People are driven to balance their cognitions - their feelings, actions and beliefs. Usually that leads people to behave in ways consistent with their beliefs to avoid feeling badly about the inconsistencies.

This has important adverse consequences in business organizations. A good example is business managers feel fine about ignoring the facts and making quick decisions based on their established beliefs! It delivers cognitive consistency.

Think about it. What was the biggest obstacle Columbus faced in getting backing for his voyage to prove the earth is round? Most of the people with the resources to fund his exploration believed the earth is flat! They were confident in that belief.
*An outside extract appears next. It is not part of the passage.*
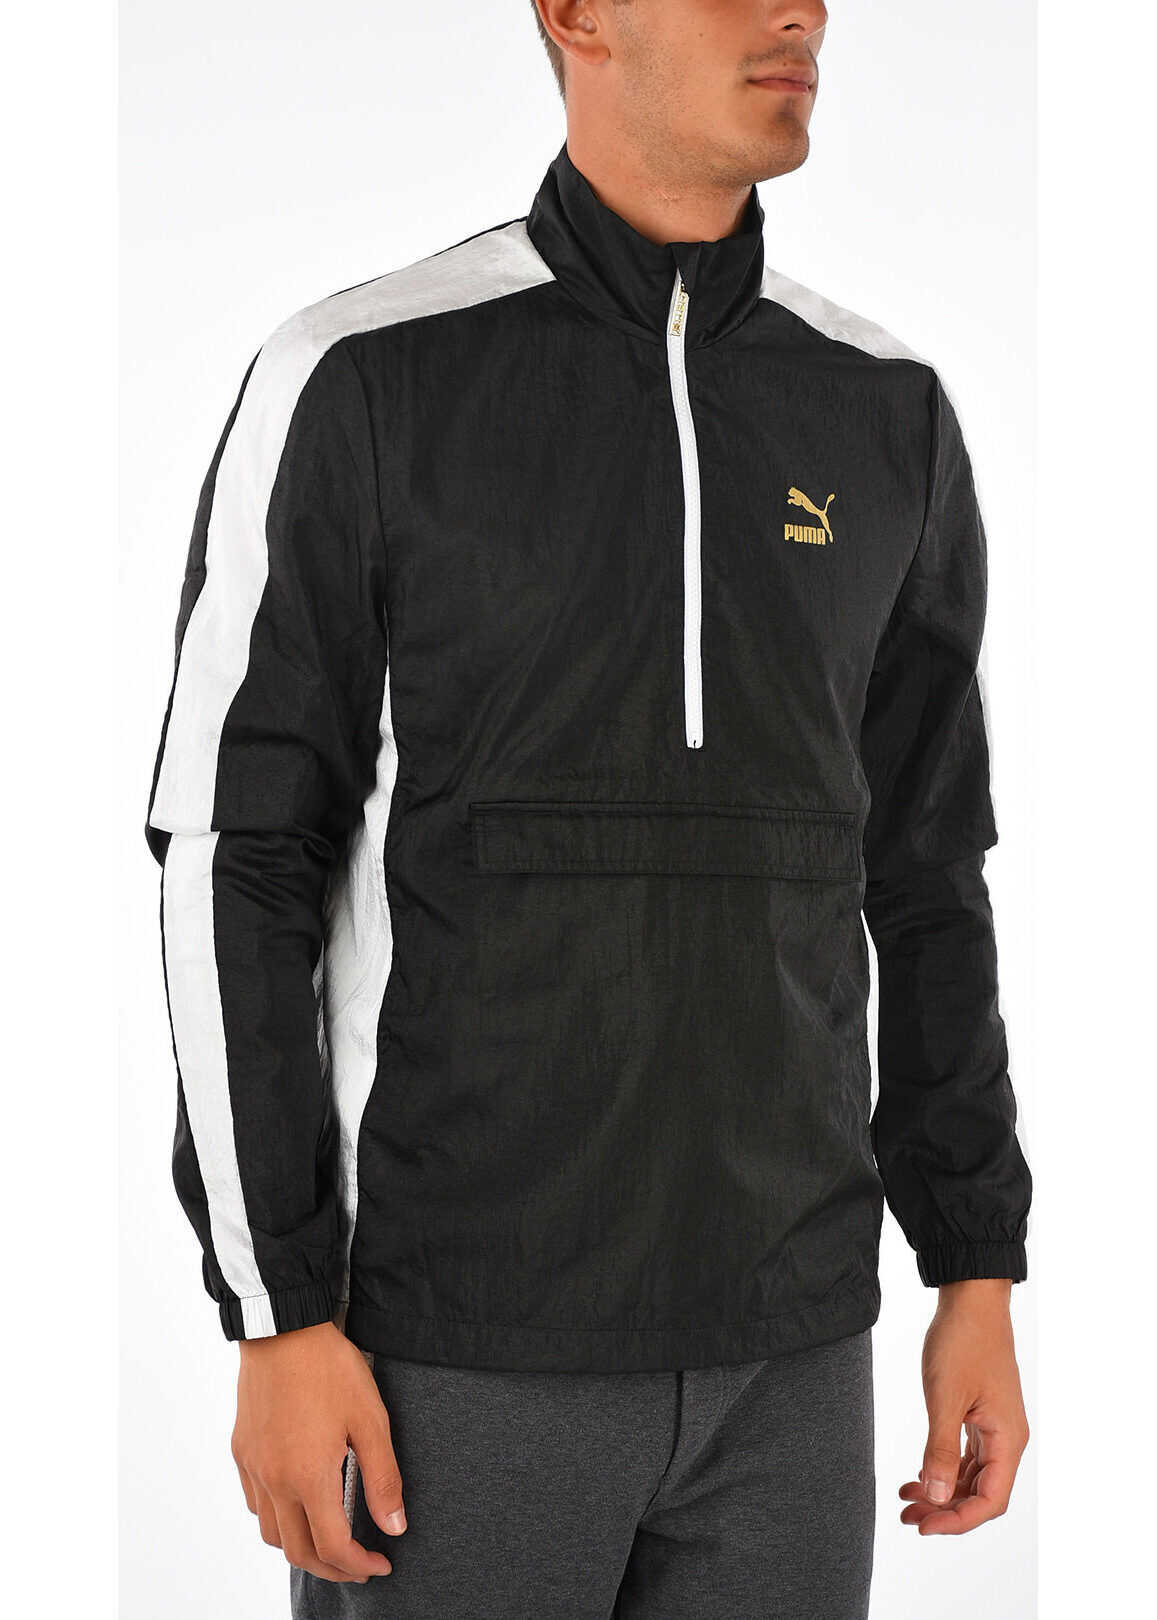 PUMA Nylon Jacket BLACK

Were they right?

Browse the About Learning section to get more information on how cognitive consistency can obstruct learning, and our views on how this leading business problem can be turned into a competitive advantage.

Group Dynamics

People are strongly influenced by the real or imagined presence of other people. Humans have a fundamental need to belong. Understanding that is one of the missions of the social psychologists.

Of primary interest to businesses is the concept of ingroups and outgroups. People will do heroic things to please ingroup members, and they will do even more heroic things to oppose outgroup members.

Browse the About Uniting section understand more about group dynamics and how to use that understanding to achieve breakthroughs in the performance of your business.

Businesses Are Social Groups

Peter Drucker, Daniel Kahneman, Amos Tversky, Srully Blotnick and many other learned people have concluded through sound research that people behave in a business organization about the same way they behave in non-business organizations. Yet businesses cling to the unproven belief that people in businesses are rational actors who can operate most efficiently in isolated functional groups organized in vertical lines of authority.

We seek out the rare business people who can grasp the newer concepts - that businesses are social groups - and help them tap into the potential competitive strengths social groups have to offer.

People who feel at home in strictly hierarchical business organizations pretend that businesses are not social groups. They are sitting ducks, like Montgomery Wards' stores were sitting ducks for Walmart.